Statistics and the law: a recent history of an uneasy relationship

Written by Oz Flanagan on . Posted in Features

When statistics are abused in politics or the media, the rebuke that follows can inflict a dose of embarrassment on the abuser. But a far more disturbing and personally destructive backdrop for the misuse of statistics is in the courtroom. In this setting, the power of statistics can provide the vital link in evidence needed for justice, or the distortion that sets a prosecution down the path to injustice.

As far back as the trial of Alfred Dreyfus in 19th century France, the story of statistics and the law has been a long, fraught but ultimately necessary association. This is why the Statistics and the Law Working Group of the RSS has now become a permanent Section of the Society. The working group was brought together in 2005 after a spate of legal cases with flawed statistical evidence, but one case in particular prompted the statistical community to sit up and take note.


Sally Clark

The most troubling case of the time was Sally Clark’s wrongful conviction for the murder of her infant sons, who were in fact victims of cot death. That case prompted the then president of the RSS, Peter Green, to write to the Lord Chancellor about the crucial probability statistic given as evidence against Clark by the expert prosecution witness, Sir Roy Meadow.

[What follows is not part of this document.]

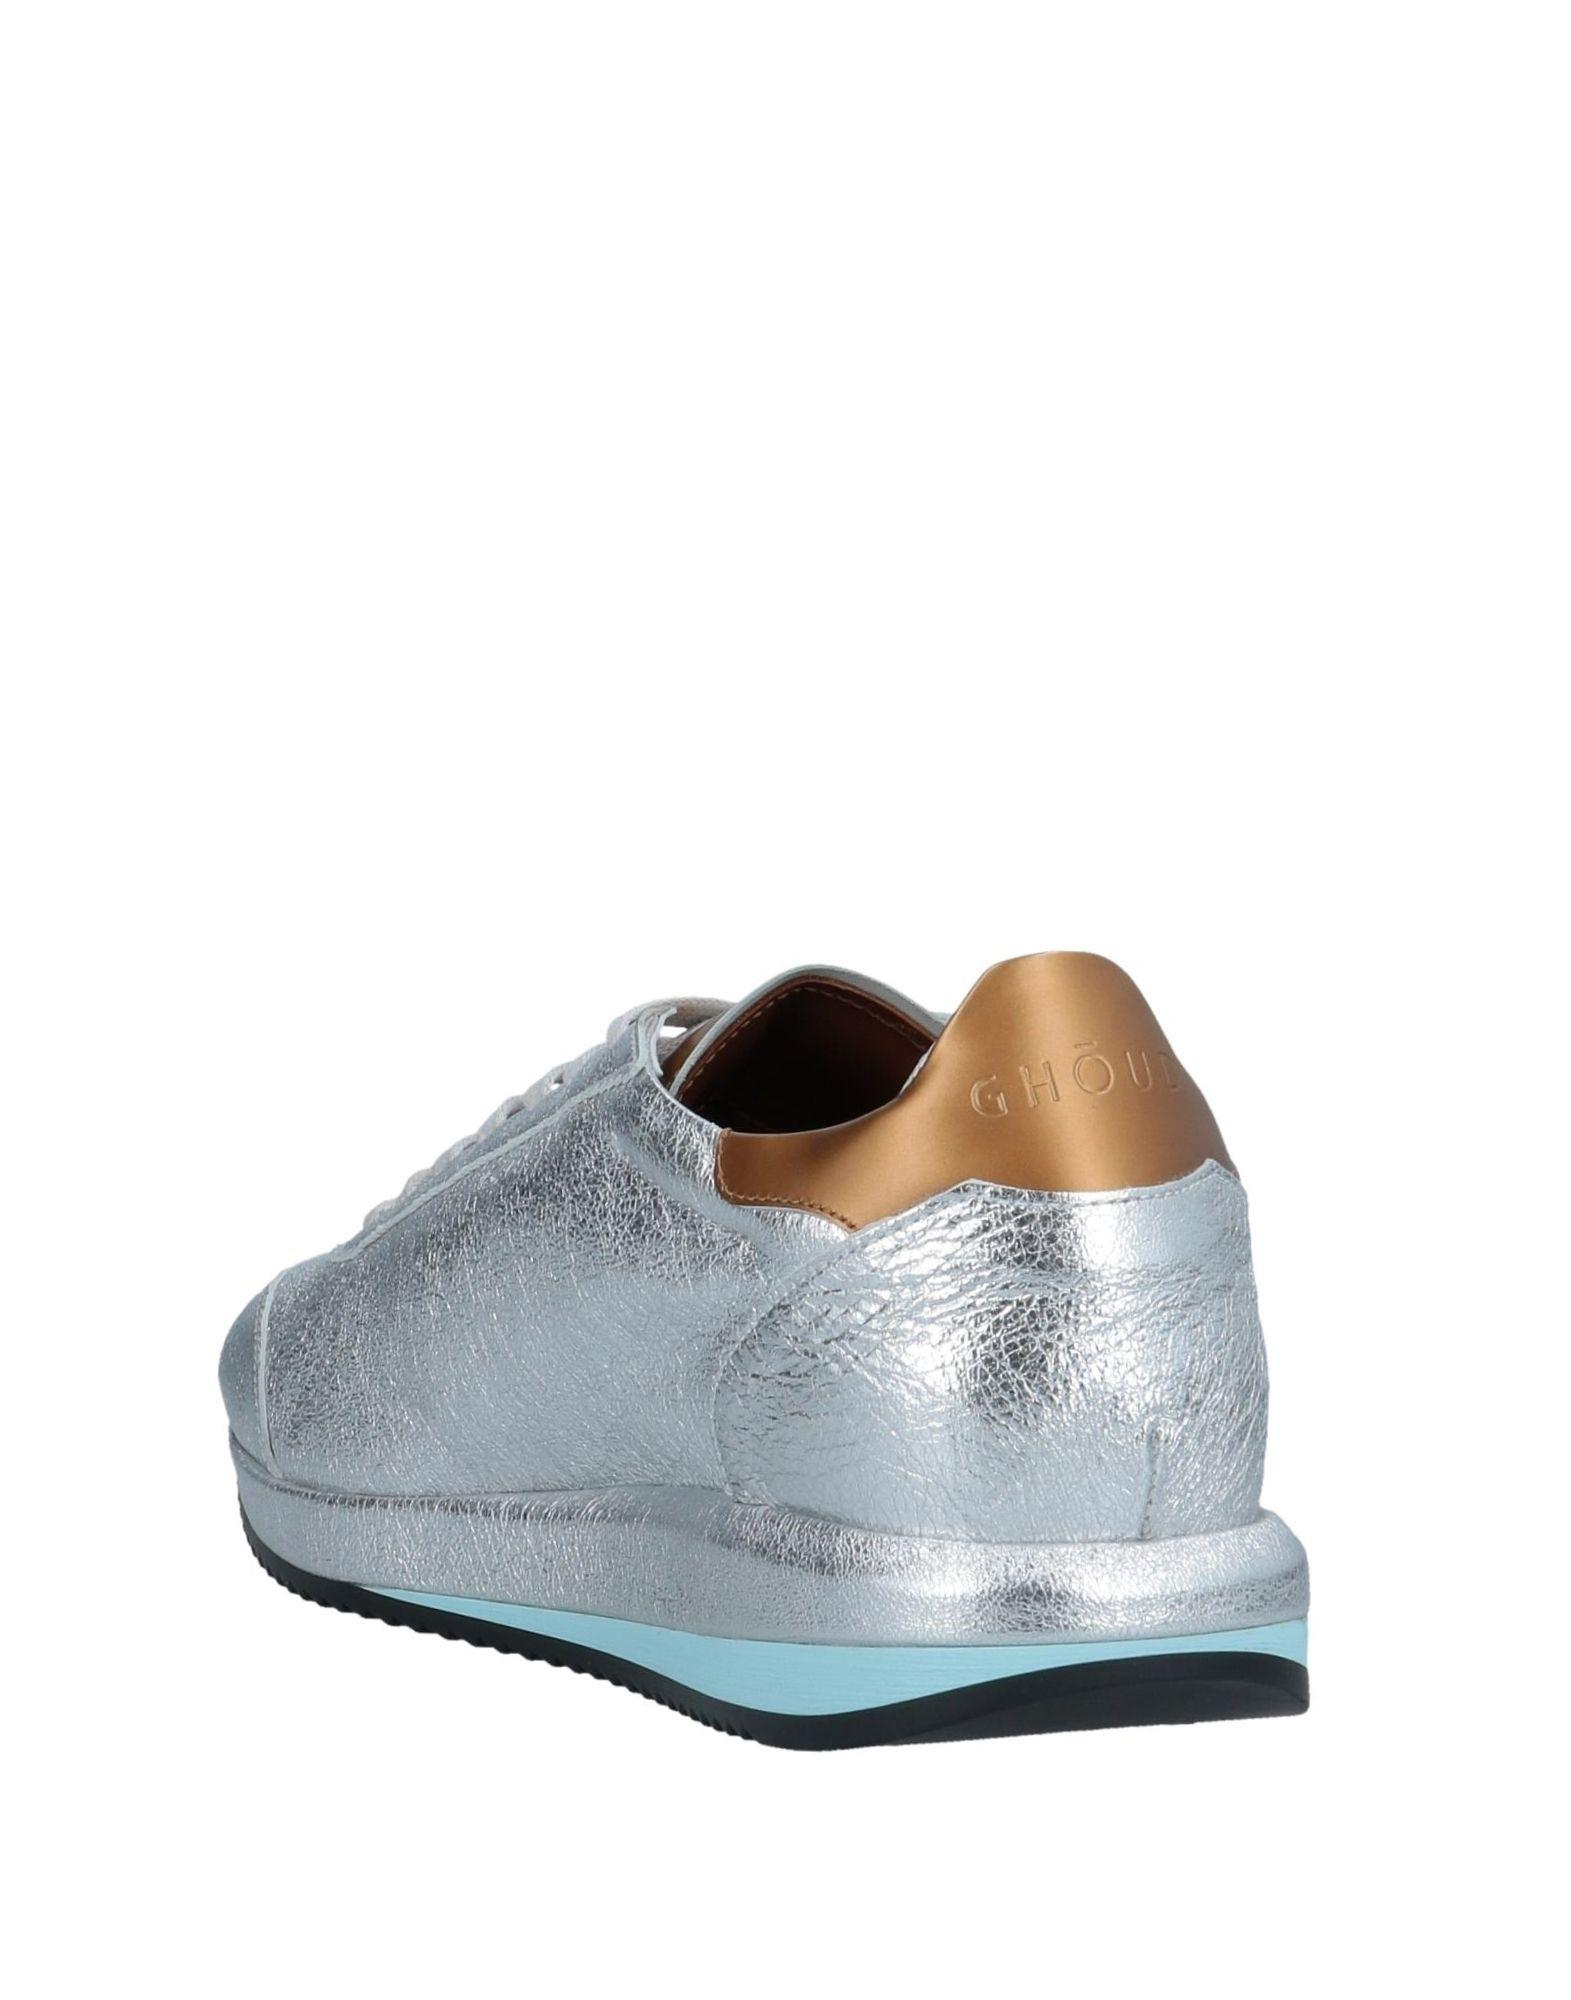 GHŌUD Leather Low-tops & Sneakers in Brown

As with any use of statistics, they can either be used for illumination or manipulation. In the Clark case, Meadow stated that the chance of two infants dying from cot death was 1 in 73 million. This statement became known as ‘Meadow’s law’ and resonated with the jury and the wider public.

The figure was born out of taking the probability that a child like Clark’s would die of cot death, and then multiplying it by itself (because two of Clark’s children had died). Peter Green, in his letter to the Lord Chancellor, put it this way. ‘The calculation leading to 1 in 73 million is invalid. It would only be valid if SIDS cases [cot death] arose independently within families, an assumption that would need to be justified empirically. Not only was no such empirical justification provided in the case, but there are very strong reasons for supposing that the assumption is false.’

Nevertheless, Meadow’s argument went on to have a significant role in the similar criminal cases of Angela Cannings, Donna Anthony and Trupti Patel. At Clark’s second appeal in 2003, she was acquitted due to new medical evidence being presented to the court. A fresh examination of the statistics was due to follow, but in the end, the medical evidence proved enough to secure her release. The judicial comments following her acquittal did consider the statistics, and they stated that Meadow’s evidence was ‘manifestly wrong’ and ‘grossly misleading’.

Sally Clark had experienced the death of two of her children in infancy and spent more than three years in prison before her acquittal. She died tragically in 2007.

Lucia de Berk

Around the same time as Clark’s acquittal, another infamous miscarriage of justice was beginning its legal course in the Netherlands. Lucia de Berk worked as a hospital nurse in The Hague, but when the suspicious death of a baby happened during one of her shifts, she was singled out for scrutiny. A review of past incidents then found a pattern of deaths or near-deaths which all took place when de Berk was on duty.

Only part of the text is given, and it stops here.